Assignment: From the entries below, reproduce exactly the lines from the one with "Panasonic kx-t1422 Operation Manual" through the one with "มอบกระดานแท็บเล็ตวาดภาพหน้าจอแอลซีดีและอุปกรณ์การศึกษา จำนวน 300", both included, without images.

Data:
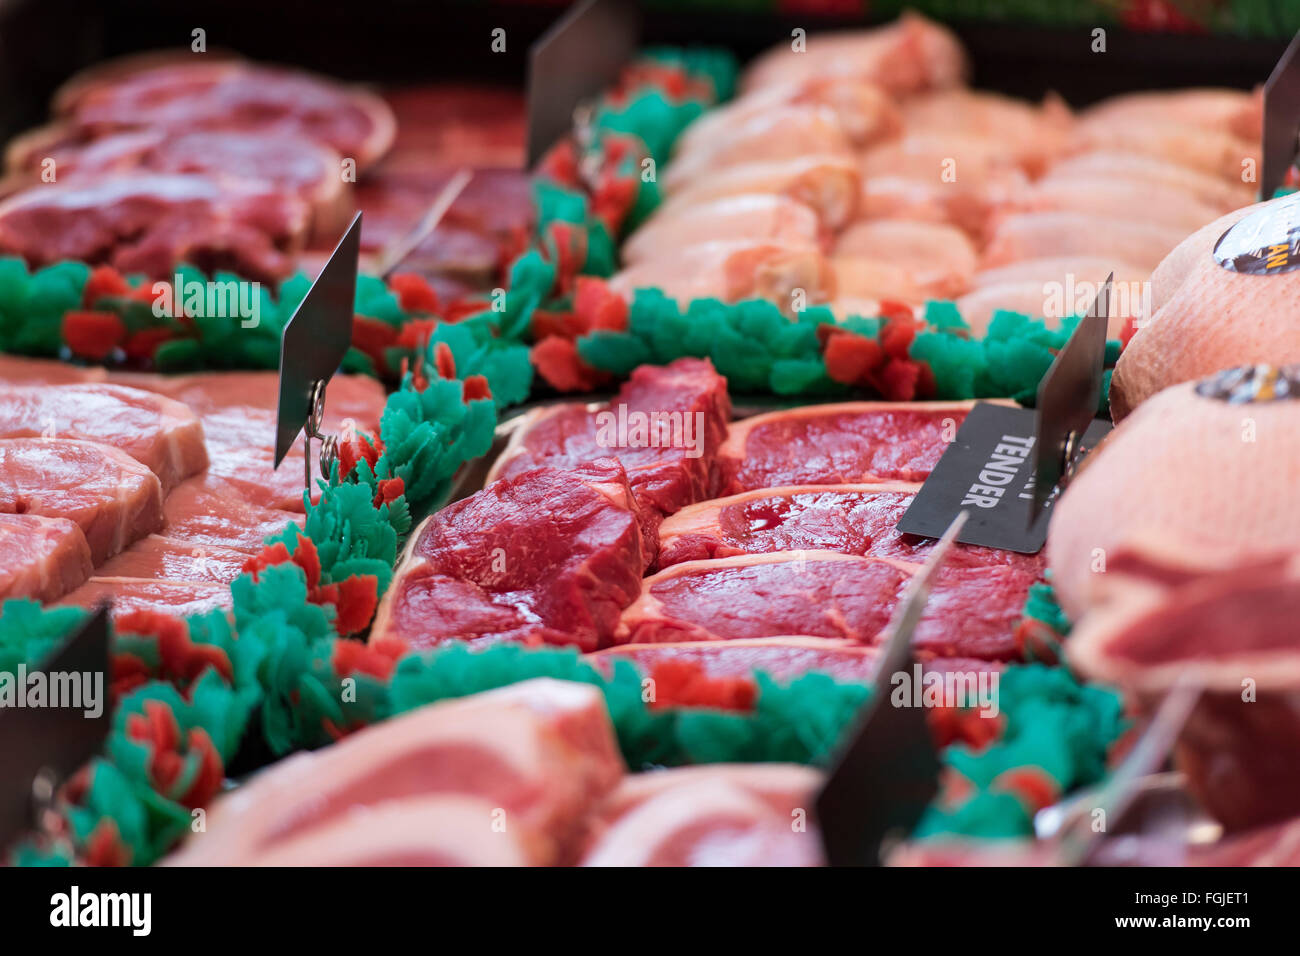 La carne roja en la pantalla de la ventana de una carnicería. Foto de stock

* * *

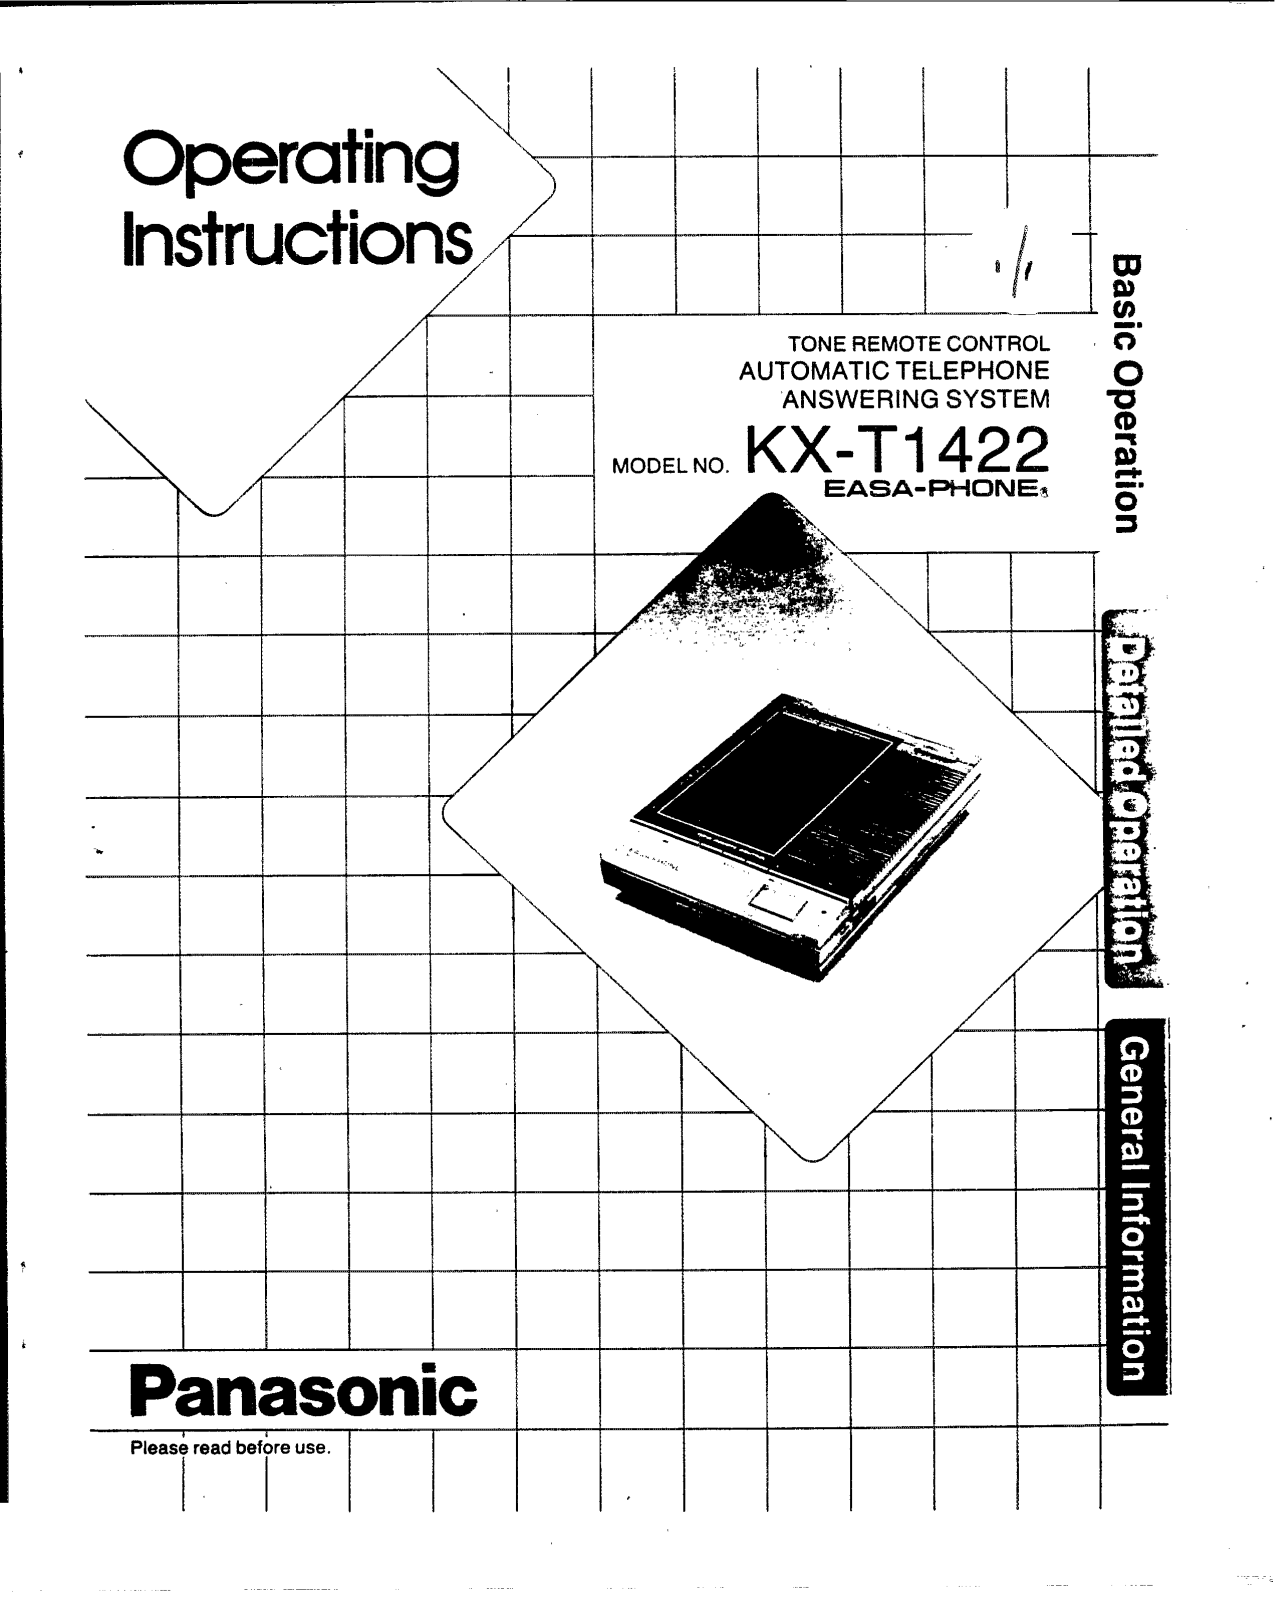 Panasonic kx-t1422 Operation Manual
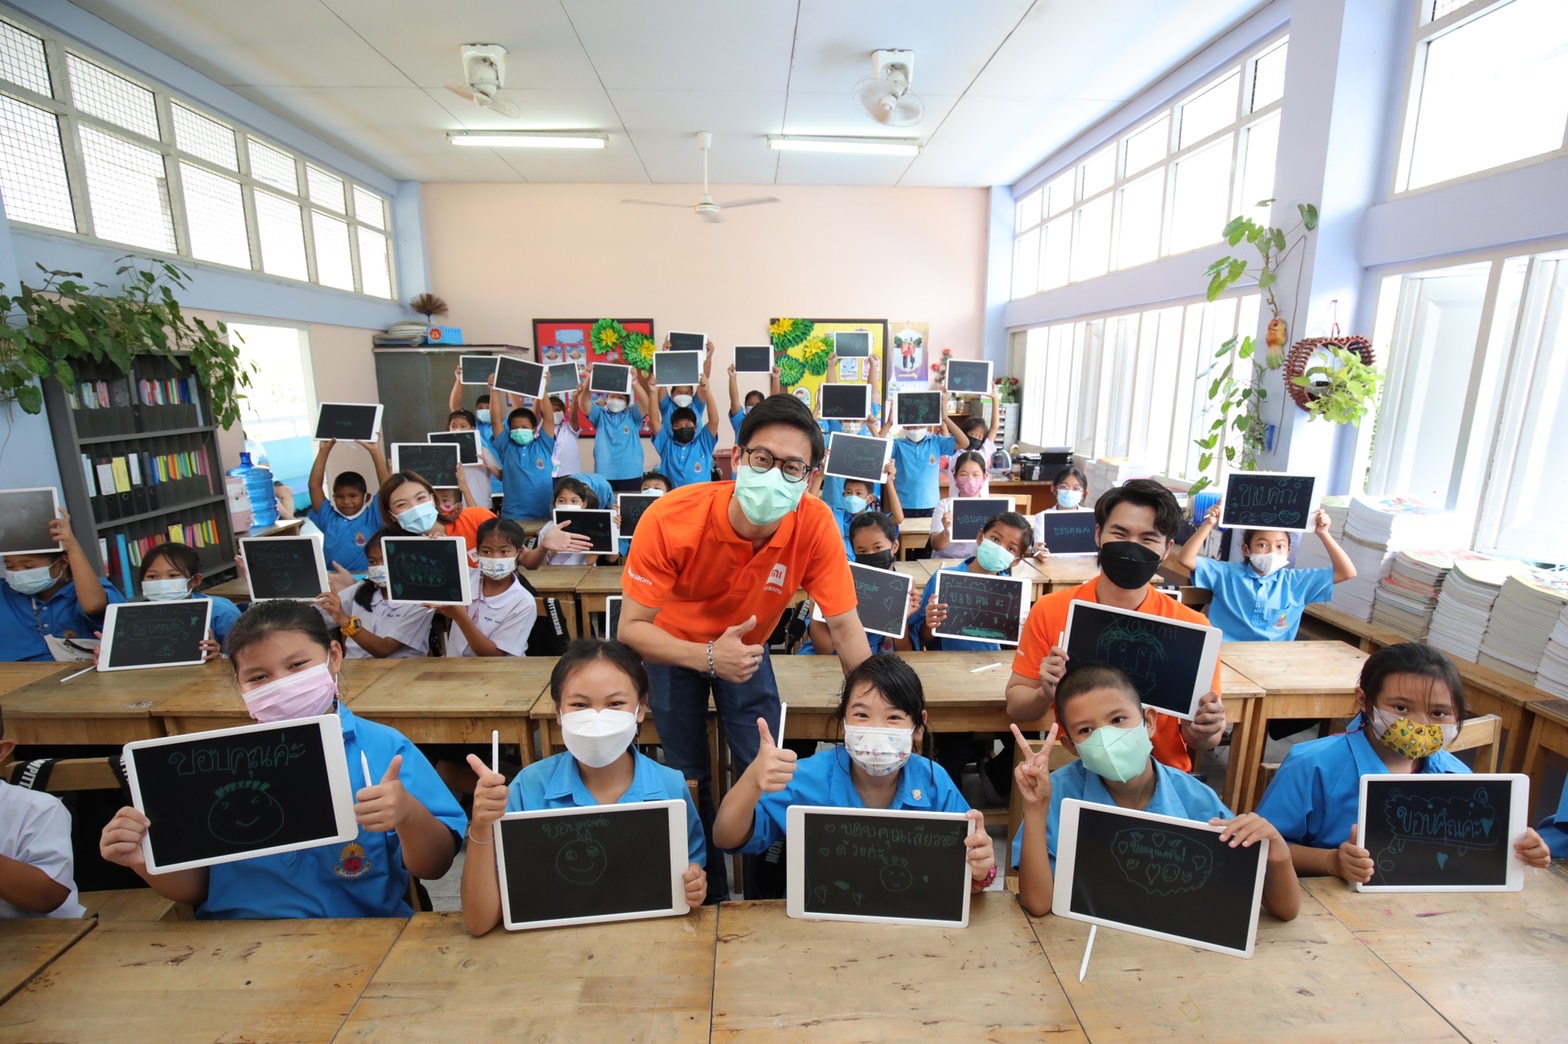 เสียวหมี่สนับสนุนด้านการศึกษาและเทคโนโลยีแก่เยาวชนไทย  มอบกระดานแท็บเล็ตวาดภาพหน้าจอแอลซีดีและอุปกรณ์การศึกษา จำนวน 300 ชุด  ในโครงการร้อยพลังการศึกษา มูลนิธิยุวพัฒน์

Your response:
 Panasonic kx-t1422 Operation Manual
 เสียวหมี่สนับสนุนด้านการศึกษาและเทคโนโลยีแก่เยาวชนไทย  มอบกระดานแท็บเล็ตวาดภาพหน้าจอแอลซีดีและอุปกรณ์การศึกษา จำนวน 300 ชุด  ในโครงการร้อยพลังการศึกษา มูลนิธิยุวพัฒน์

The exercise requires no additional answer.